I also realize that people are angry at Obama for giving him such a position of honor at the Inauguration. Somehow people think that because I urge our reaching out and expressing our anger and concerns to Warren I somehow condone Obama's choice. Instead, I just think that, now that we have the media's and Warren's attention as a result of this uproar, we should use this opportunity to our advantage.
The rest of the comment is quite long, so I won't post the full thing here. I hope you read the rest of it. I explain why I urgently want to take advantage of the Rick Warren controversy.

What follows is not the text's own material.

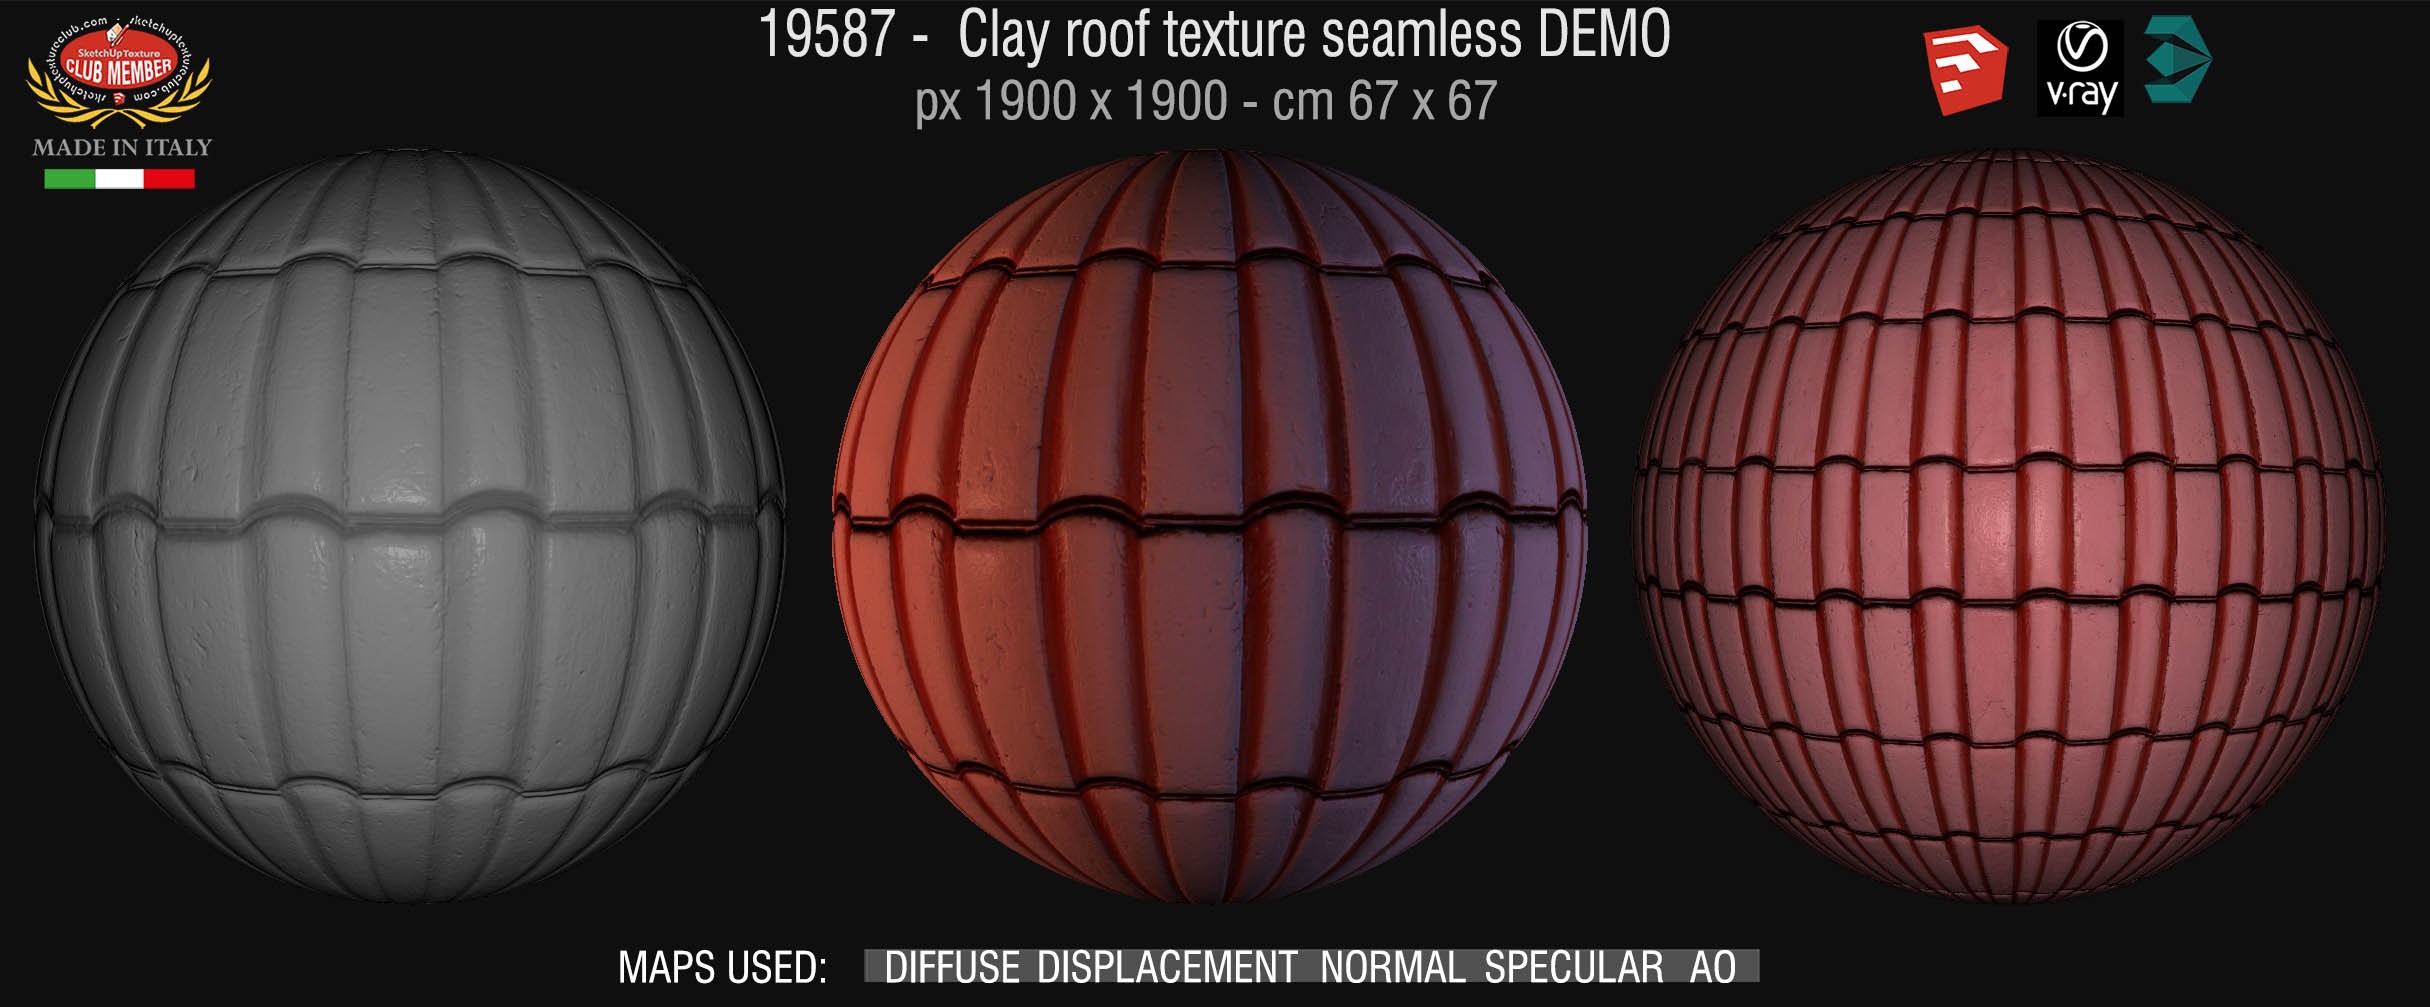 19587 Clay roof texture seamless + maps DEMO

Update [2008-12-22 18:15:31 by John Campanelli]: Melissa Etheridge has posted at Huffington Post. Here is the most promising part of the post:
I hadn't heard of Pastor Rick Warren before all of this. When I heard the news, in its neat little sound bite form that we are so accustomed to, it painted the picture for me. This Pastor Rick must surely be one hate spouting, money grabbing, bad hair televangelist like all the others. He probably has his own gay little secret bathroom stall somewhere, you know. One more hater working up his congregation to hate the gays, comparing us to pedophiles and those who commit incest, blah blah blah. Same 'ole thing. Would I be boycotting the inauguration? Would we be marching again?

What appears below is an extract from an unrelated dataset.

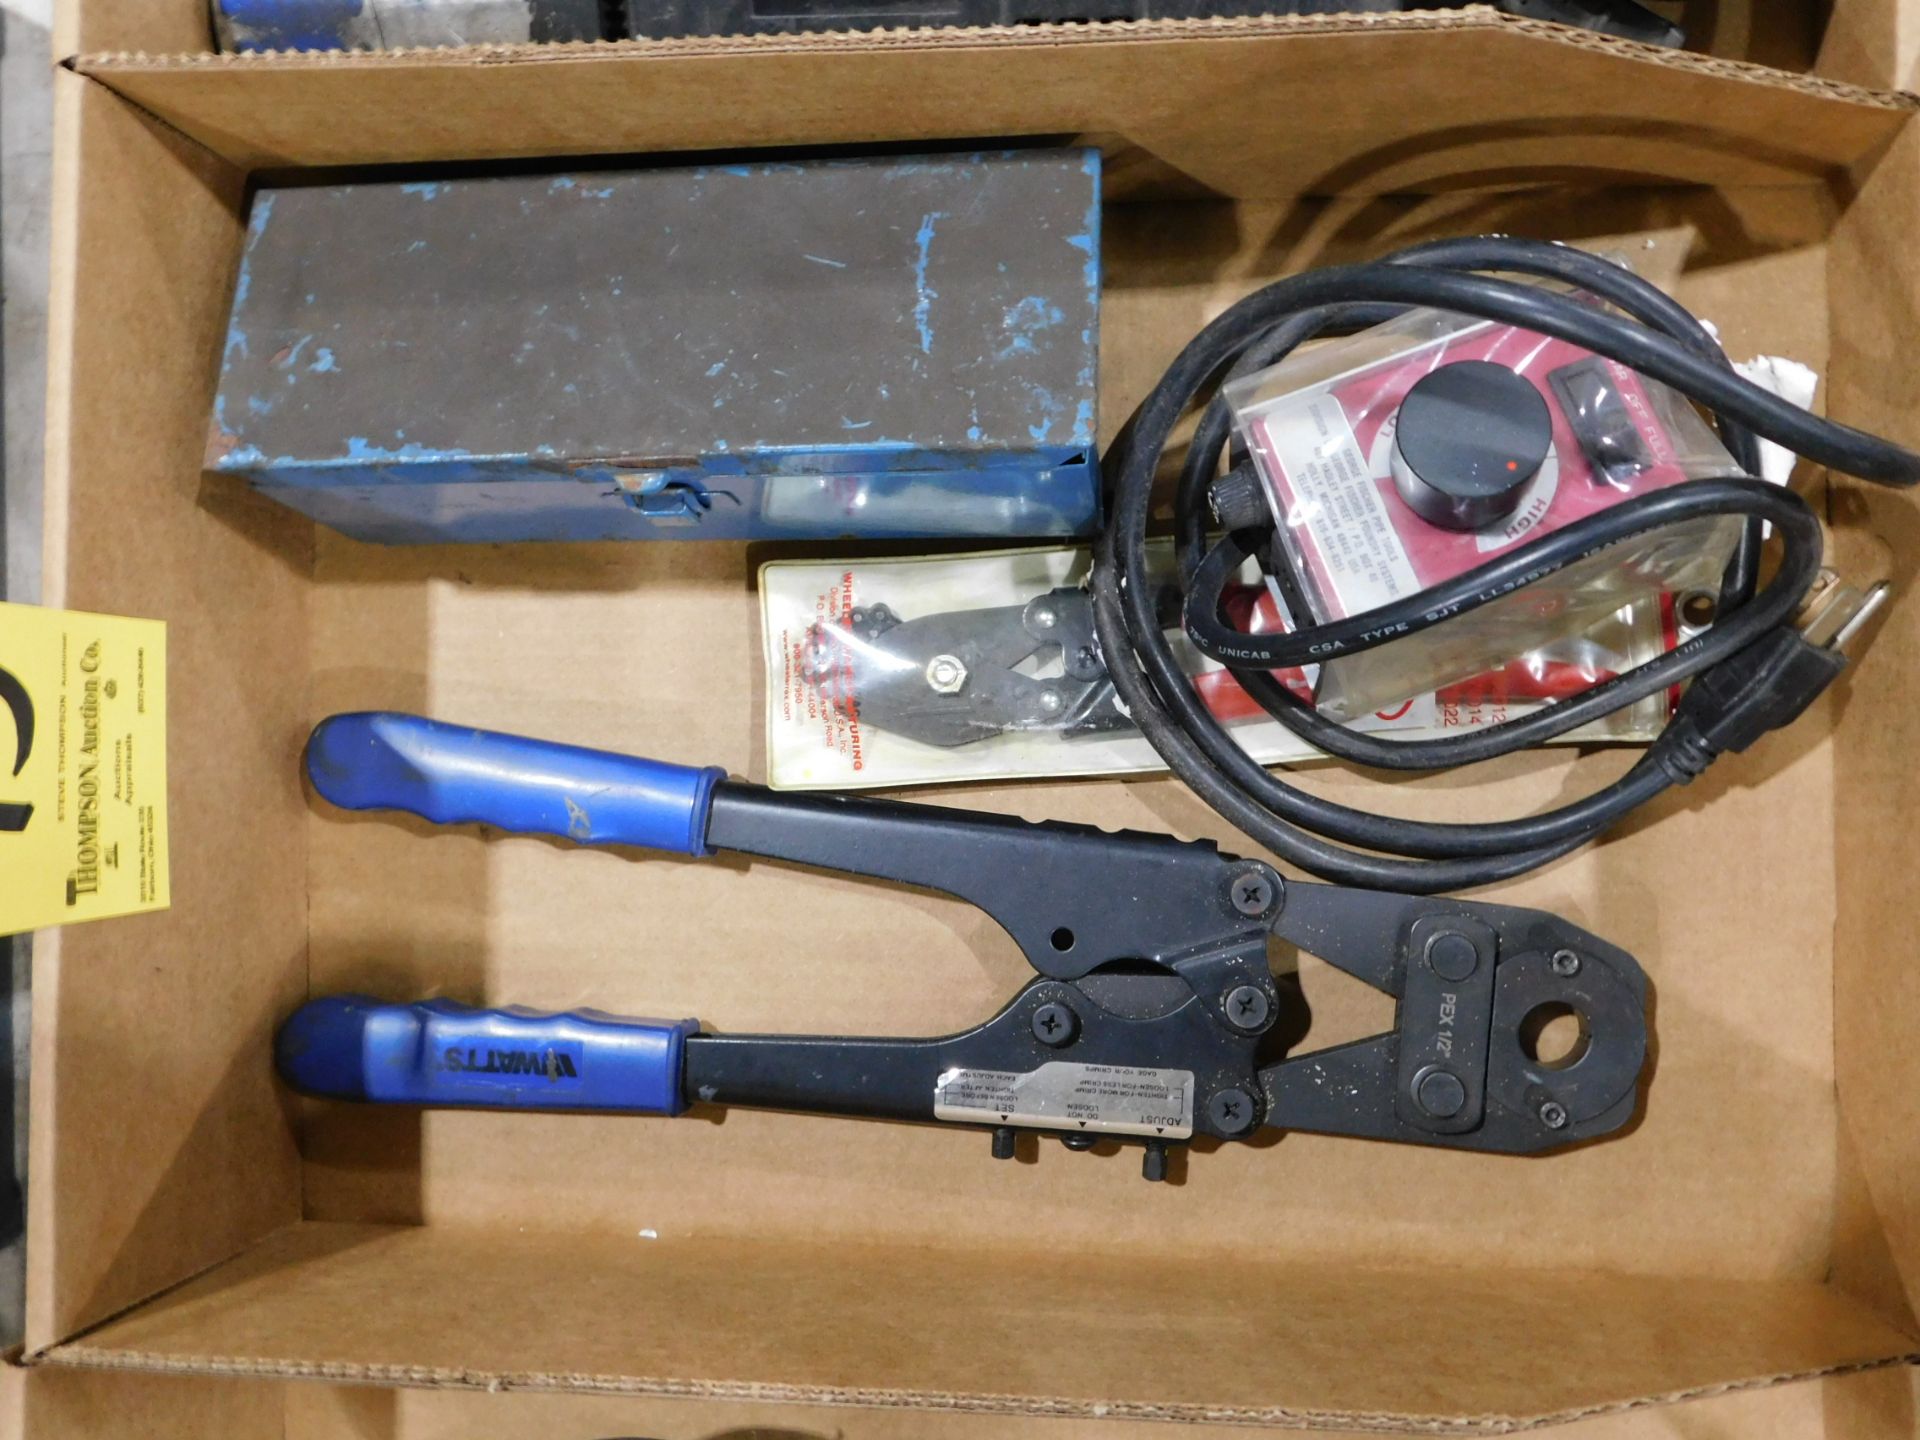 Crimping Tools, Spearhead Gasket Cutter, and Variable Speed Control

Well, I have to tell you my friends, the universe has a sense of humor and indeed works in mysterious ways. As I was winding down the promotion for my Christmas album I had one more stop last night. I'd agreed to play a song I'd written with my friend Salman Ahmed, a Sufi Muslim from Pakistan. The song is called "Ring The Bells," and it's a call for peace and unity in our world. We were going to perform our song for the Muslim Public Affairs Council, a group of Muslim Americans that tries to raise awareness in this country, and the world, about the majority of good, loving, Muslims. I was honored, considering some in the Muslim religion consider singing to be against God, while other Muslim countries have harsh penalties, even death for homosexuals. I felt it was a very brave gesture for them to make. I received a call the day before to inform me of the keynote speaker that night... Pastor Rick Warren. I was stunned. My fight or flight instinct took over, should I cancel? Then a calm voice inside me said, "Are you really about peace or not?"

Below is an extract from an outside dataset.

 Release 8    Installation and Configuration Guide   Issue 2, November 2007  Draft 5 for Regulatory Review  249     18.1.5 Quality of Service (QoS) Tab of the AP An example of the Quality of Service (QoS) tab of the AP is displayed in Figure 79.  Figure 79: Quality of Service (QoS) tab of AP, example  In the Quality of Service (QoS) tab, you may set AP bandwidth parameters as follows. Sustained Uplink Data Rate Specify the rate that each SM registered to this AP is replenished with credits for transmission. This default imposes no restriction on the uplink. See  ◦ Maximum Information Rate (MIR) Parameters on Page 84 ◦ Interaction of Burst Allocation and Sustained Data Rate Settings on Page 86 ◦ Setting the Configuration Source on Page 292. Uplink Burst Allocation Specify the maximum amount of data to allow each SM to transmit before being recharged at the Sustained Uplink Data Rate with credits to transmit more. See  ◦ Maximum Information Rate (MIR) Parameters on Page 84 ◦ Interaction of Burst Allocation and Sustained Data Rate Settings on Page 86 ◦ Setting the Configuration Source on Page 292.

I told my manager to reach out to Pastor Warren and say "In the spirit of unity I would like to talk to him." They gave him my phone number. On the day of the conference I received a call from Pastor Rick, and before I could say anything, he told me what a fan he was. He had most of my albums from the very first one. What? This didn't sound like a gay hater, much less a preacher. He explained in very thoughtful words that as a Christian he believed in equal rights for everyone. He believed every loving relationship should have equal protection. He struggled with proposition 8 because he didn't want to see marriage redefined as anything other than between a man and a woman. He said he regretted his choice of words in his video message to his congregation about proposition 8 when he mentioned pedophiles and those who commit incest. He said that in no way, is that how he thought about gays. He invited me to his church, I invited him to my home to meet my wife and kids. He told me of his wife's struggle with breast cancer just a year before mine.